Мило удивленно заморгал — но было ли удивление искренним? Она не знала, потому что, даже изучив его досье и добравшись до сокровенных уголков прошлого, так и не разгадала загадку этого человека.

— Как же так…

— Да. Как же так?

— И кто?..

— Коронер говорит, самоубийство. Застрелился из собственного пистолета, оставил записку.

В глазах изумление. Игра?

— Что в записке? — спросил Мило.

— Много всякого. Текст бессвязный, почерк сбивчивый. Наверное, писал под градусом. На столике початая бутылка скотча. Просит прощения у жены — мол, был плохим мужем и все такое. Есть и о деле. Берет на себя вину за смерть Грейнджера. Вроде бы тот лишь исполнял его приказы. Повторяет, по сути, то, что говорил вам Грейнджер. То, чему вы, по вашим словам, не верили.

— Насчет самоубийства сомнений нет?

— Оснований подозревать что-то другое нет. Может быть, вы хотите что-то рассказать?

Мило уперся взглядом в стол. О чем он думал?

— В субботу вечером, примерно в то самое время, когда умер Фицхью, я сделала для себя одно небольшое открытие, в некотором смысле представившее все случившееся в ином свете, и решила проверить свои предположения сегодня.

— Что за открытие?

— На следующий день после вашего возвращения на авеню Америк Фицхью получил конверт с русским паспортом на ваше имя. Паспорт был настоящий, но Теренс так и не задал главный вопрос: кто его прислал?

— Мне бы тоже хотелось это знать.

Симмонс улыбнулась.

— Вы ведь знаете. Ваш отец, Евгений Примаков. Он прислал паспорт, чтобы подтолкнуть меня к более глубокому расследованию. В результате я вышла на вашего деда, а потом и на самого Евгения.

Мило молчал. Ждал.

— Ловкий ход, признаю. Он мог бы прислать паспорт напрямую мне, однако предпочел Теренса, зная, что тот с радостью похвастает передо мной своей удачей. Теренс считал, что паспорт станет решающей уликой против вас, но эффект получился обратный. Он привел меня к Примакову, у которого случайно нашлась фотография, где Фицхью запечатлен с Романом Угримовым. Он тоже случайно оказался в городе именно в это время. Удивительное совпадение.

— По-моему, Джанет, у вас слишком богатое воображение. Вам всюду мерещатся заговоры.

— Может быть, — легко согласилась Симмонс, потому что в душе хотела, чтобы так оно и было. Никому не нравится чувствовать себя простаком, которого водят за нос.

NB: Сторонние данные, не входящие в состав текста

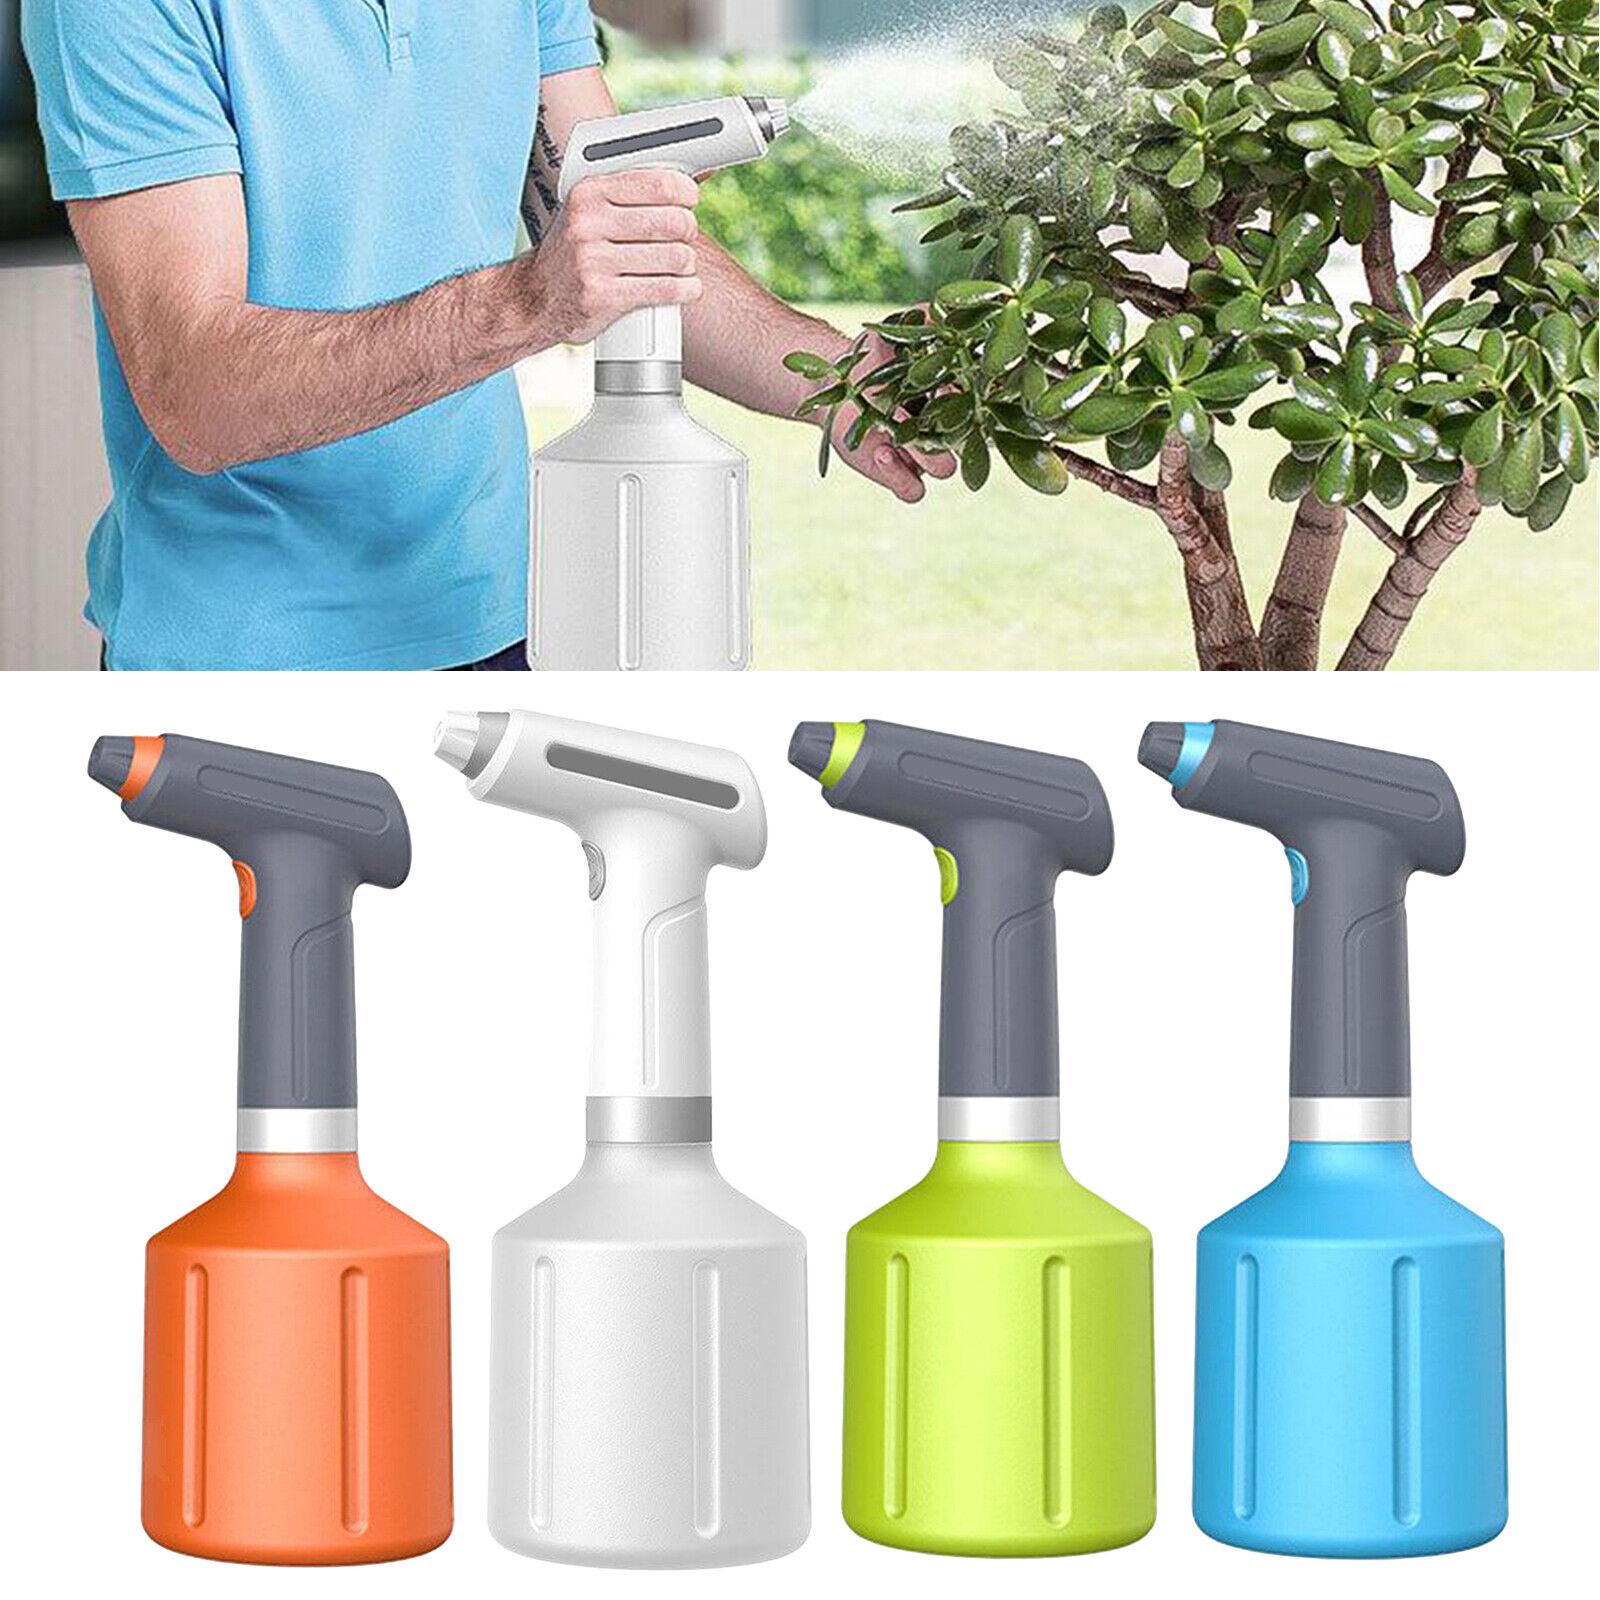 Handheld Electric Sprayer Atomizer Flower Plant Watering Fogger Indoor Outdoor

И все же она знала: правда, пусть и неприятная, именно такова. — Проделано было красиво. Ваш отец присылает нечто, вроде бы изобличающее вас как русского шпиона, но в итоге приводящее к уликам против Фицхью. Должно быть, отец очень вас любит, если пошел на такой риск.

— Ерунда, — возразил Мило. — Как он мог предвидеть, что вы пойдете именно этим путем?

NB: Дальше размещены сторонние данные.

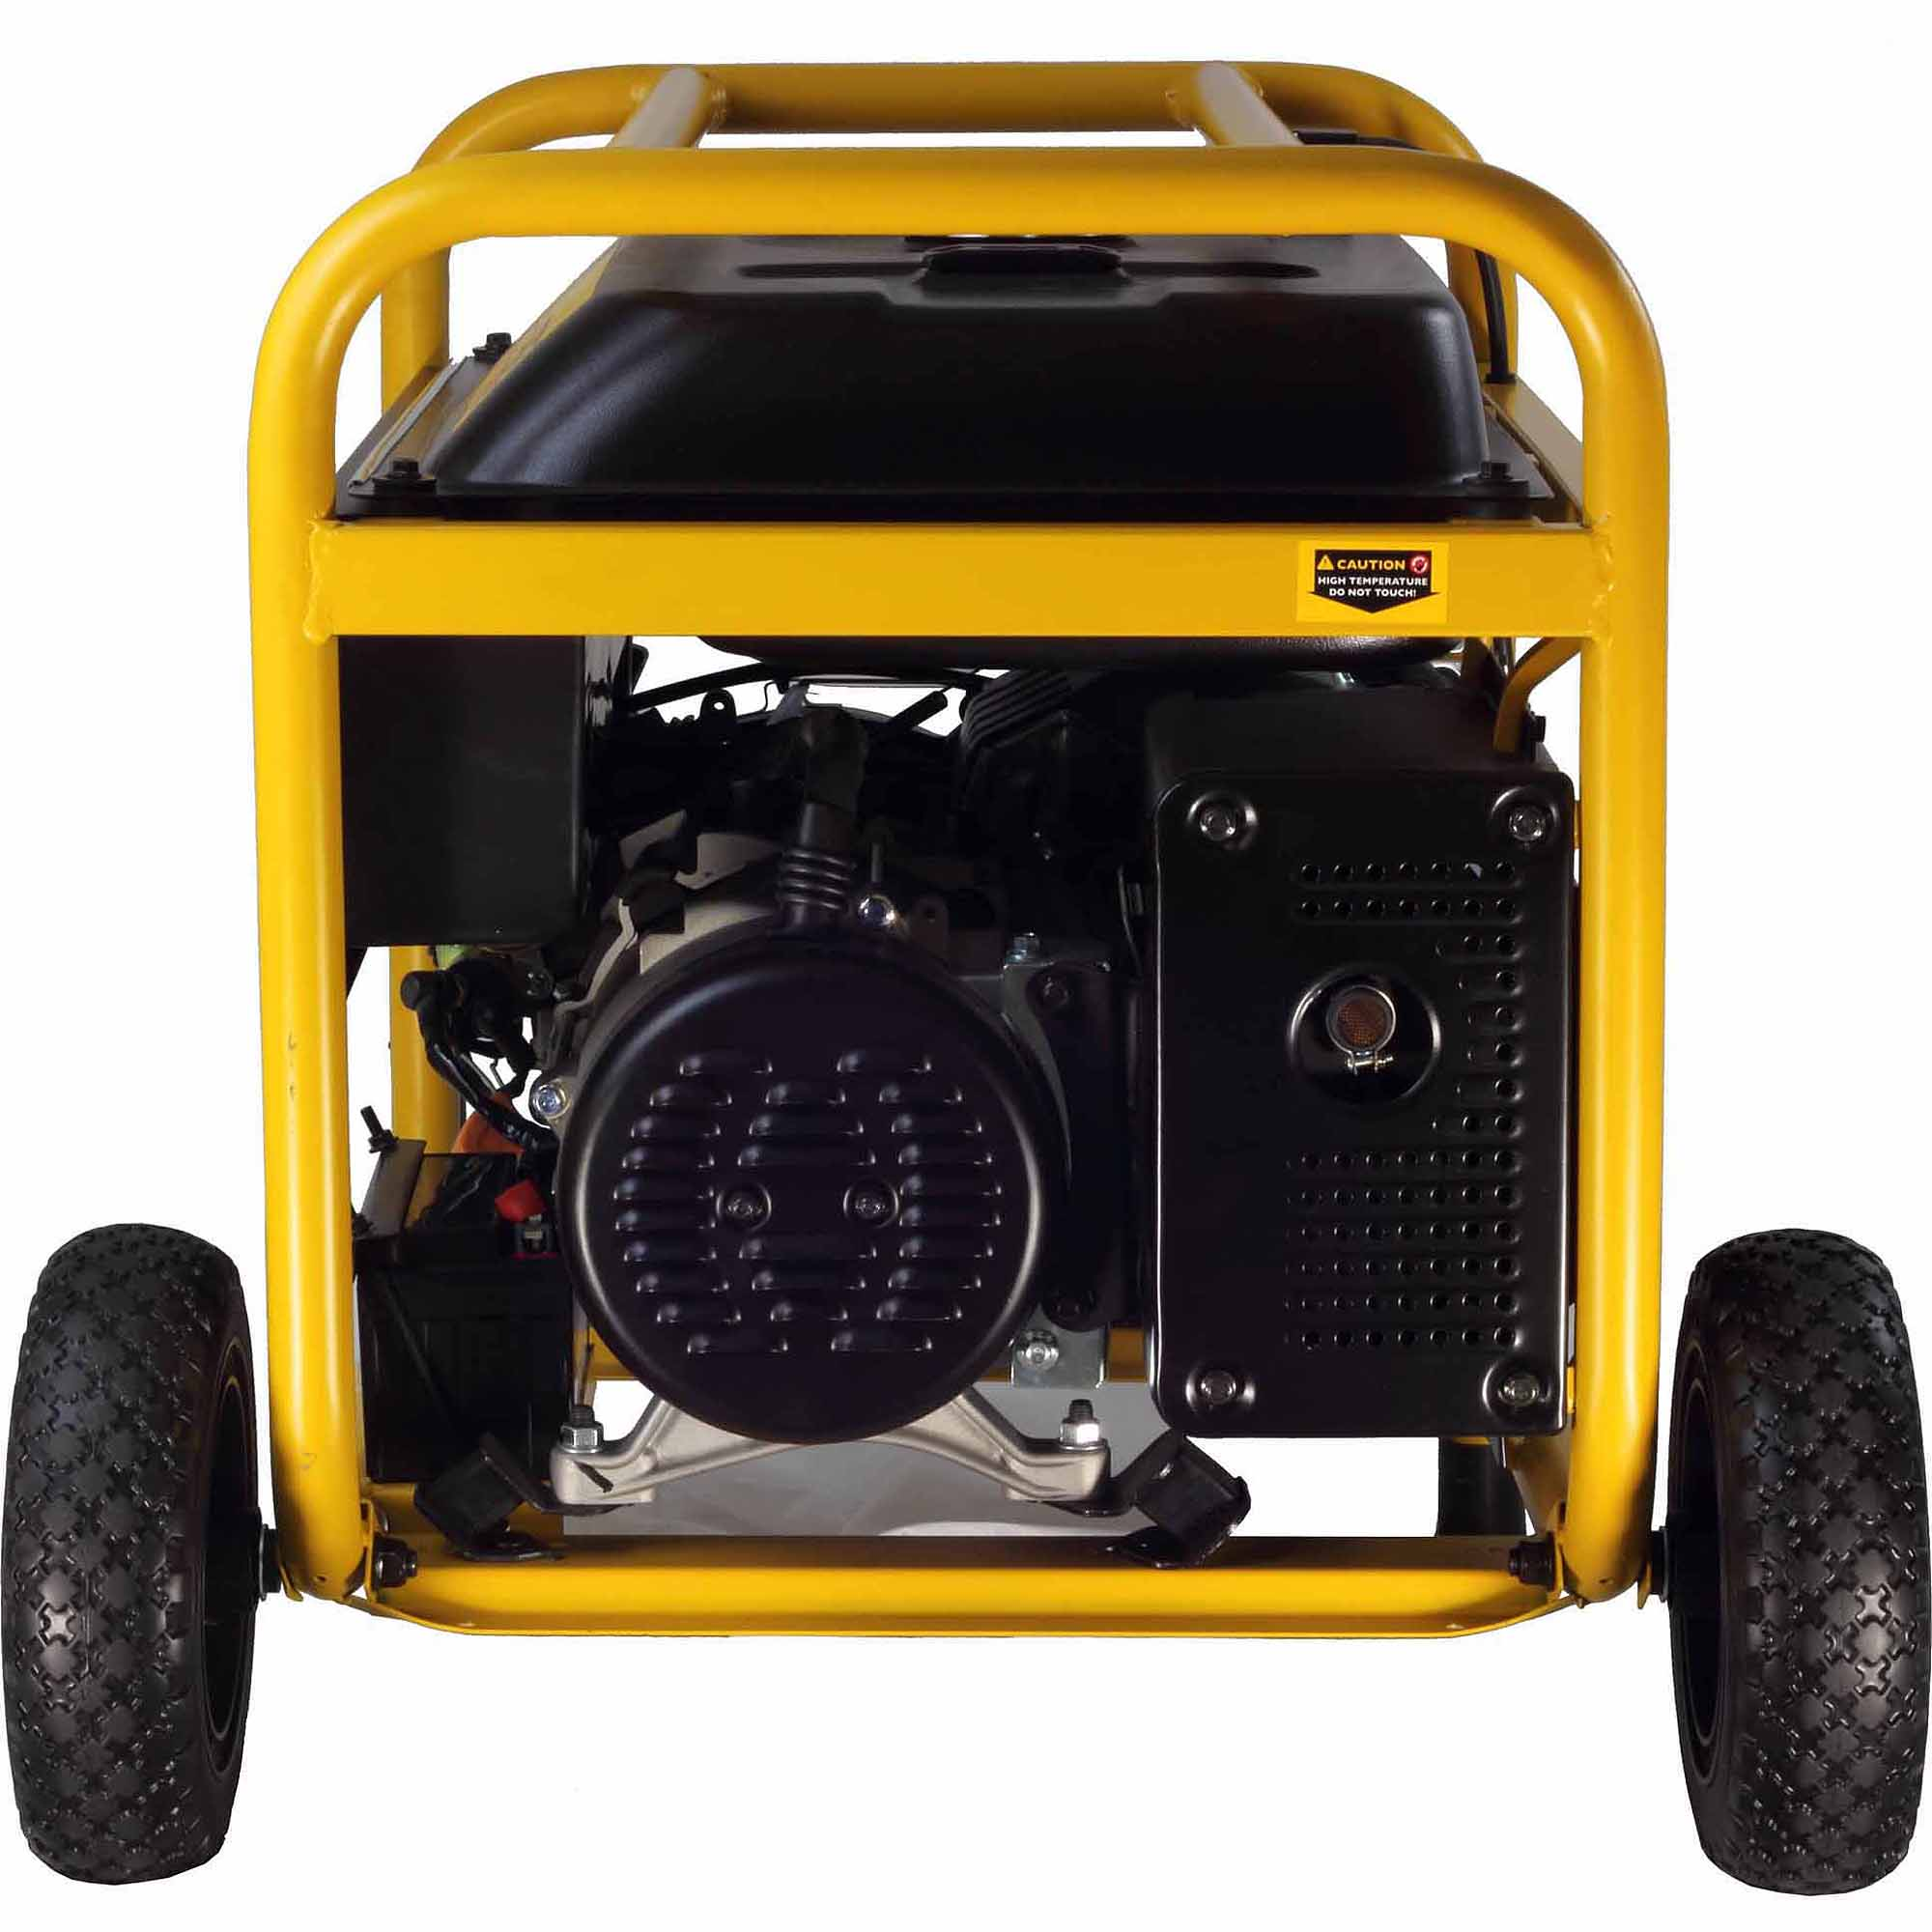 Manual start generac generator

Она ответила моментально, потому что сама задавала себе тот же вопрос.

— Ваш отец знал — может быть, вы ему рассказали, — что наше министерство не в лучших отношениях с Компанией. Он знал, что я начну копать поглубже — хотя бы ради того, чтобы прижать ваше ведомство. А в результате выяснилось, что никакого русского «крота» не было, а был только агент с трудным детством.

Мило слушал ее, не поднимая головы.

— Может быть, такое и возможно, Джанет, — по крайней мере в вашем параноидальном мире, — но ведь вам прижать Фицхью было нечем. Ничего существенного, только косвенные улики, которые и уликами-то считать нельзя. Однако Фицхью застрелился. Кто бы мог подумать?

— Если он действительно застрелился.

— Вы сами сказали…

— Фицхью, — перебила его Симмонс, — был старый лис, и самоубийство не в его стиле. Он дрался бы до конца.

— Тогда кто его убил?

— Не знаю. Может быть, ваш отец позаботился. Или мое расследование встревожило людей, стоявших над Фицхью. В своей записке он ясно дал понять, что из него сделали козла отпущения. Вы сами можете поверить в то, что Фицхью был тем ловкачом, который решил дестабилизировать внутреннее положение нескольких африканских стран, чтобы сорвать поставки нефти в Китай?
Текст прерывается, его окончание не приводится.